▶ _COLLECTED MATERIAL_:
____
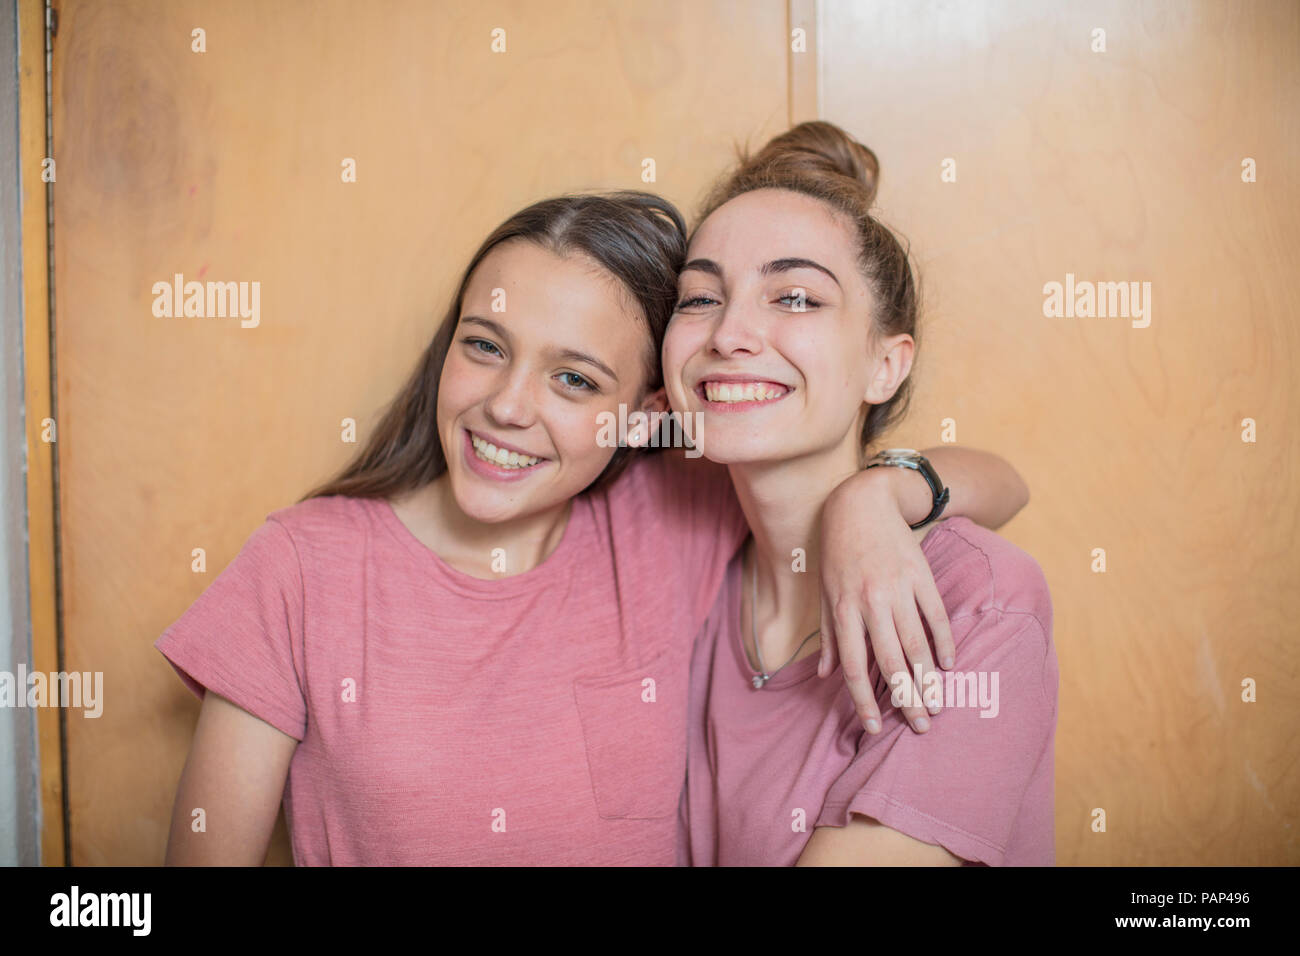 Portrait of two smiling teenage girls hugging Stock Photo
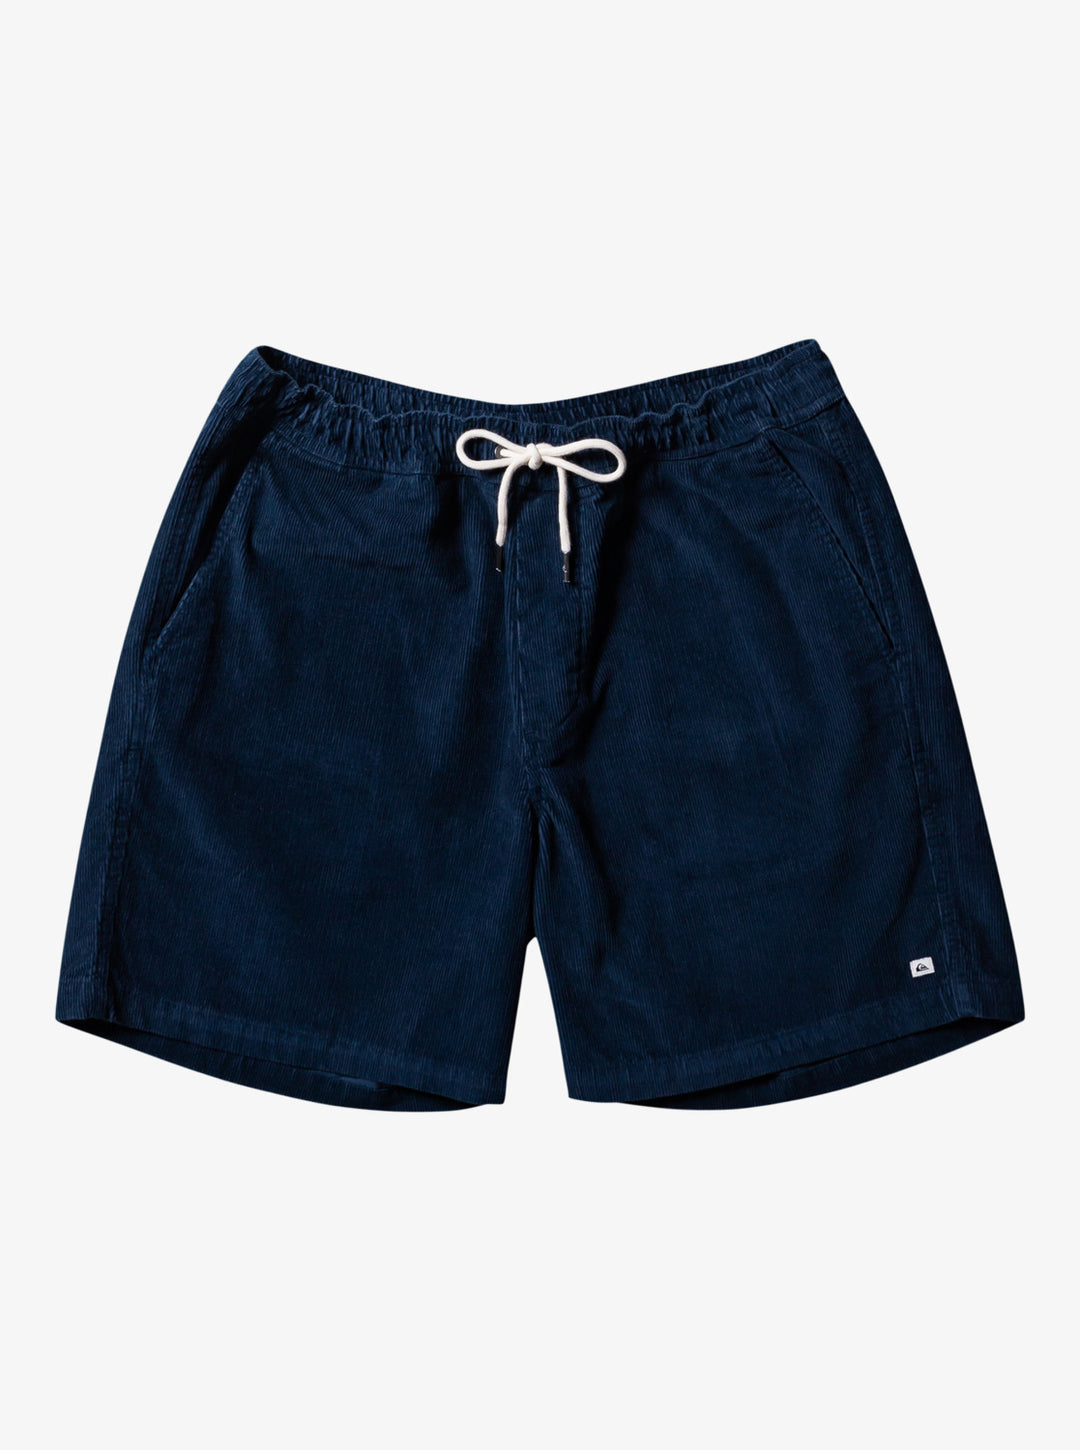 Quiksilver Taxer Cord Shorts - Midnight Navy - Sun Diego Boardshop
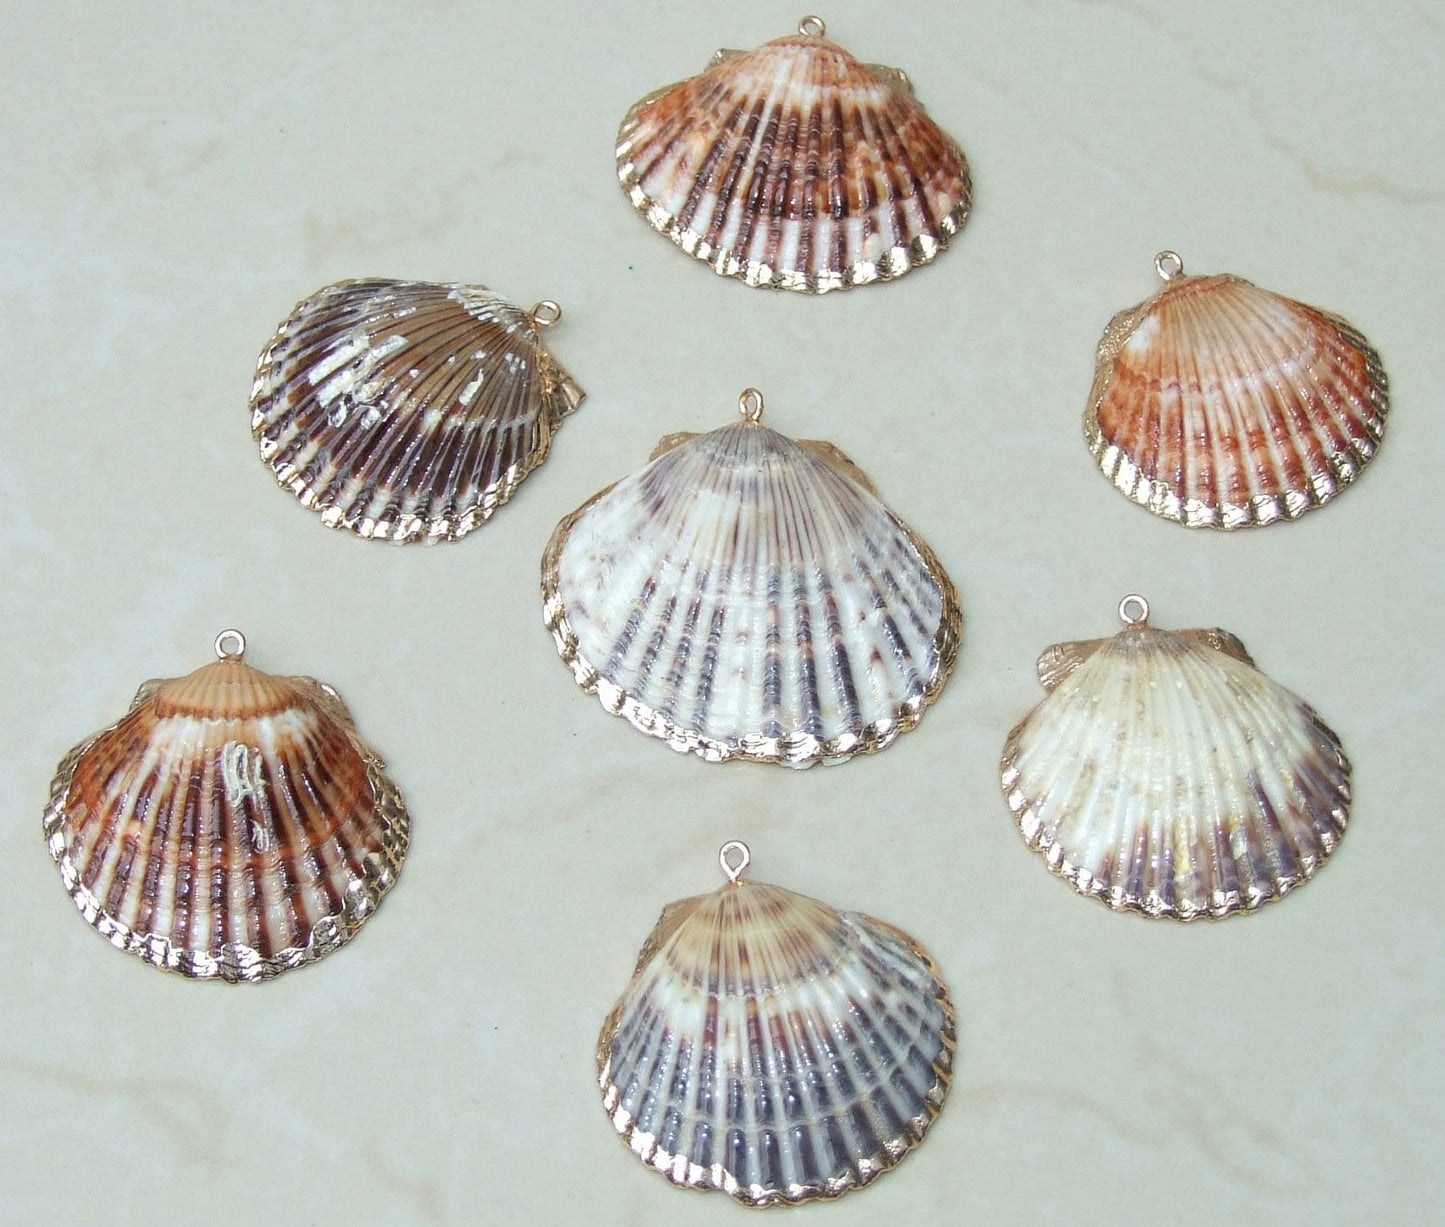 Natural Scallop Shell Pendant, Gold Edge Loop, Natural Seashell, Deep Sea Shell, Shell Necklace, Beach Jewelry, Ocean Seashell, 37-48mm NB
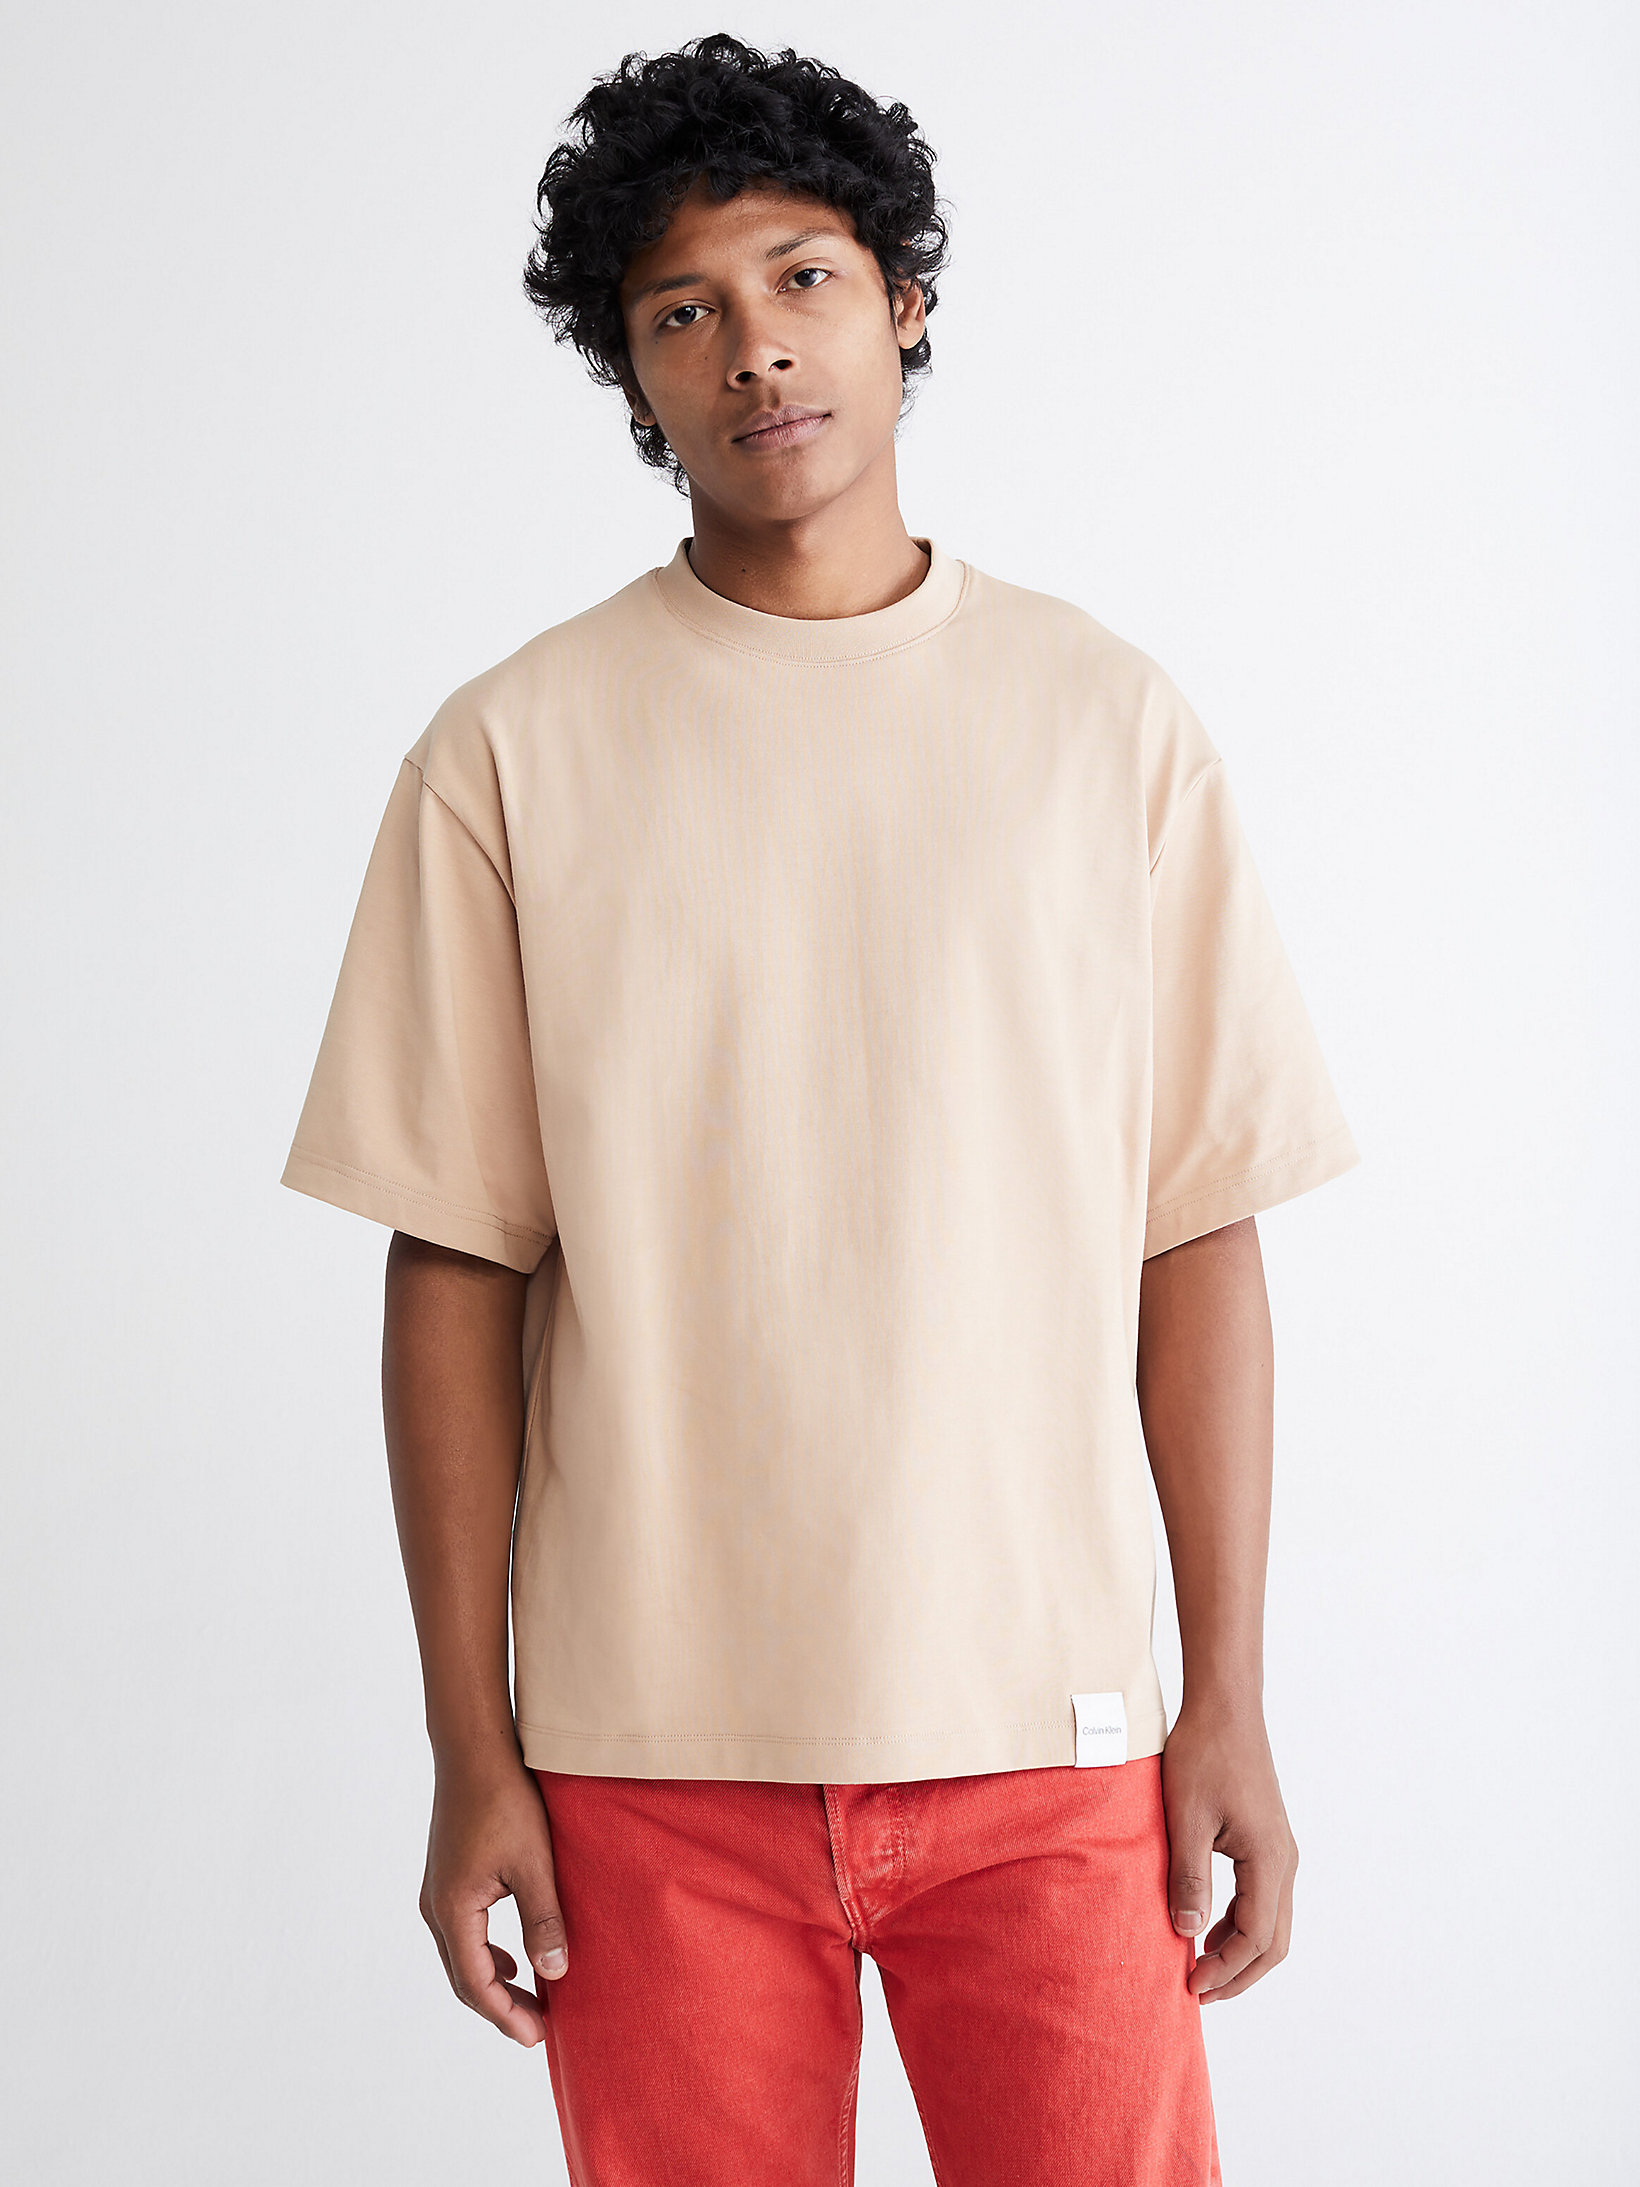 Sandrift Unisex Relaxed T-Shirt - CK Standards undefined unisex Calvin Klein
____
▶ _EXERCISE INSTRUCTIONS_: The required answer is an exact, picture-free copy of the lines from the opening of the listing above through the line with "Quiksilver Taxer Cord".

▶ _TASK RESPONSE_:
 Portrait of two smiling teenage girls hugging Stock Photo
 Quiksilver Taxer Cord Shorts - Midnight Navy - Sun Diego Boardshop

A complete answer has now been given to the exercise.